Los padres de Barnes nunca le dirigieron frases como "te quiero", pero en momentos cruciales el amor se hacía evidente. Barnes recuerda como estando su madre ya moribunda, él fue a preguntar al médico cuánto tiempo le quedaba de vida. Cuando regresaba por el pasillo del hospital intentando encontrar una verdad a medias para dulcificar el diagnóstico, vio desde la distancia a la madre hacerle un gesto, el pulgar de una mano iba hacia abajo. Las palabras resultaron innecesarias, y la ternura les atenazó a ambos.
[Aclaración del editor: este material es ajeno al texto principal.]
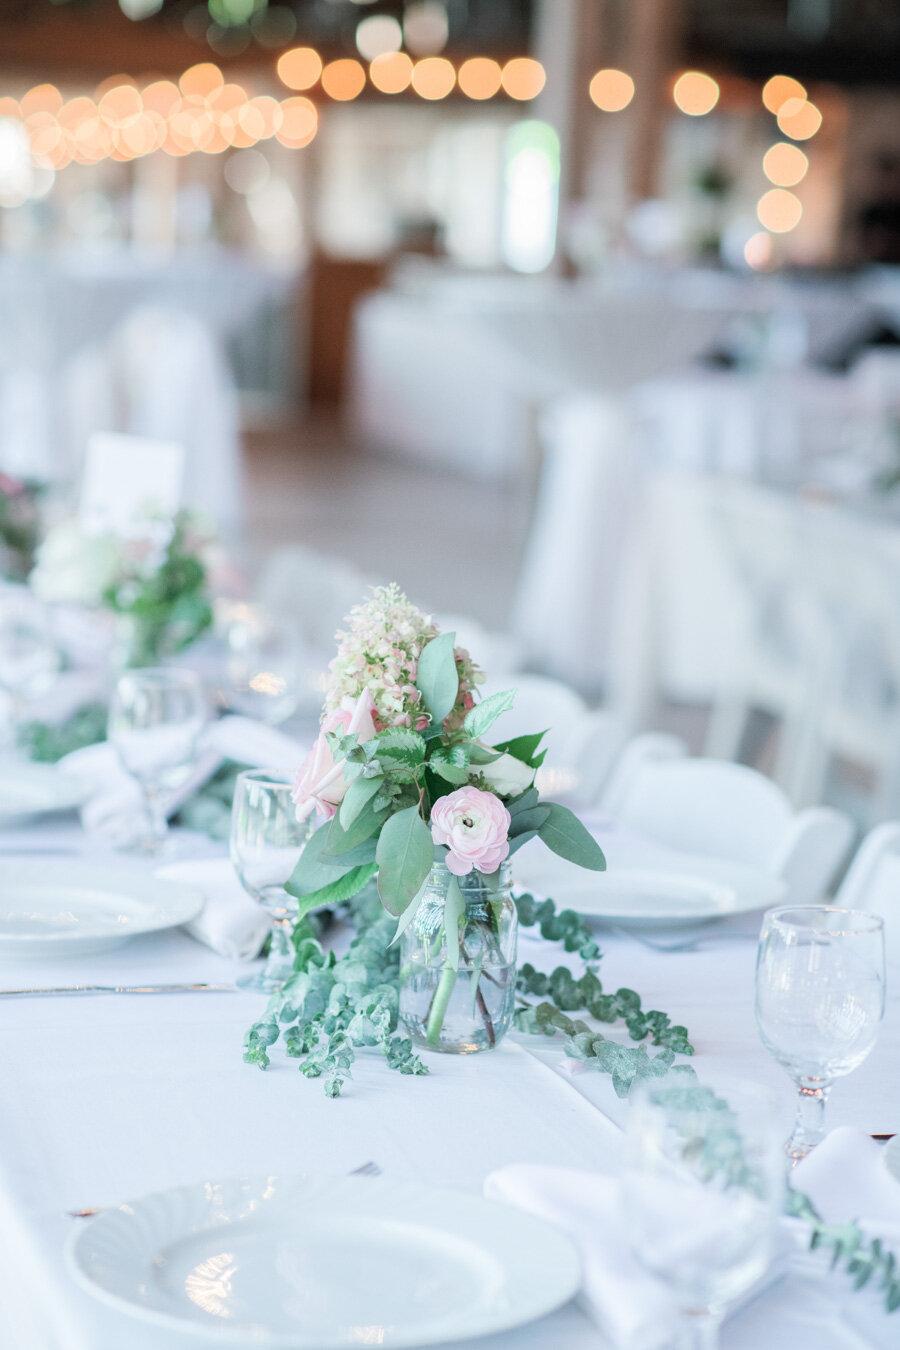 about-thyme-farm-door-county-wedding-040.jpg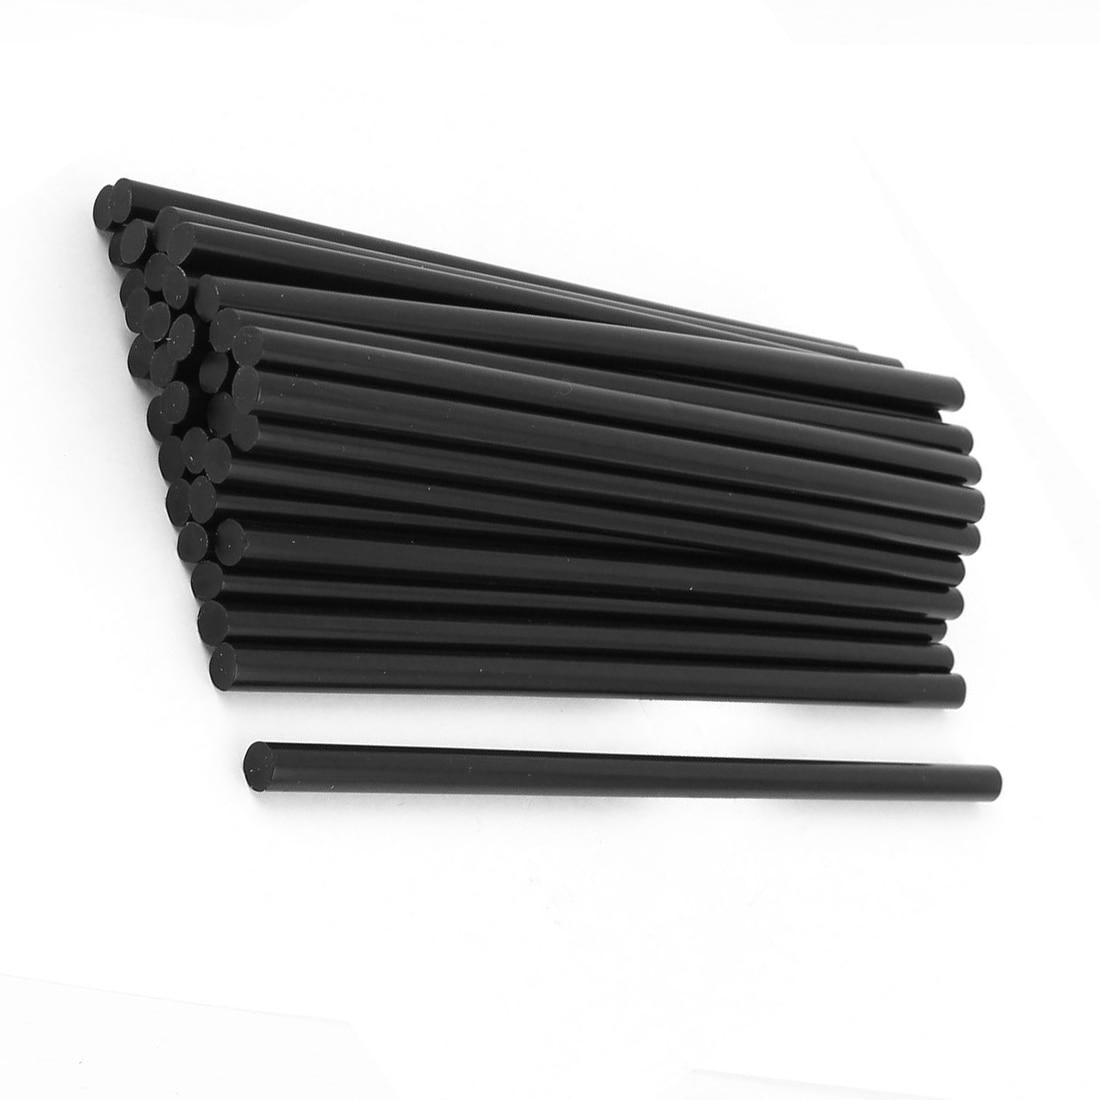 5PACK 35 Pcs 7mm Diameter 190mm Length Plastic Black Hot Melt Glue Stick 27cm hot melt glue stick translucent white 5 pcs

Los novelistas y la novela resultan, concluye Barnes, algo especial. A la fama del presente la sustituirá el olvido del autor, del libro, que cada vez se publicará menos, hasta que quede un solo lector. Un fin. Pero la narrativa posee un enorme poder: "La ficción se elabora mediante un proceso que combina la libertad total y el control absoluto, que equilibra la observación precisa con el libre juego de la imaginación, que usa mentiras para decir la verdad y verdades para decir mentiras" (pág. 289). Excelente definición. Capta la riqueza del proceso de elaboración, el control del autor, tan flaubertiano, con la imaginación creadora, y podemos añadir, el recuerdo modificado por el paso del tiempo, que ayuda a enunciar verdades que dicen lo que no es, pero que a la vez son la verdad de la ficción de la vida. La genética podrá robarnos el qué somos, pero el cómo somos permanecerá en la página literaria. En verdad, hay muchos finales a una vida, a un libro, a una historia. Todos resultan apropiados, pero depende de cómo los enunciemos, con qué tipo de signos lo representemos: FIN o Fin o Fin, según dice Barnes en un libro indispensable por su honestidad, desolación y altísima calidad literaria e intelectual.

Pat Kavanagh

La muerte de la mujer de Barnes

Siete meses después de la publicación de Nada que temer en Gran Bretaña, en marzo de 2008, fallecía la mujer de Julian Barnes, Pat Kavanagh. La lúcida y desnuda exposición del miedo a la muerte que ofrecía su último libro era inesperadamente iluminada por la desaparición de su esposa. Kavanagh había sido una conocida agente literaria, representante durante 23 años del también escritor inglés Martin Amis hasta que éste sucumbió a los encantos de Andrew Wylie, "el chacal", el legendario agente cuyo apelativo no necesita ser explicado. Aquello acabó con la amistad entre Amis y Barnes. Una segunda y más malévola versión afirma que la pelea con su amigo fue previa: Amis habría cambiado de agente por un puro y simple acto de despecho.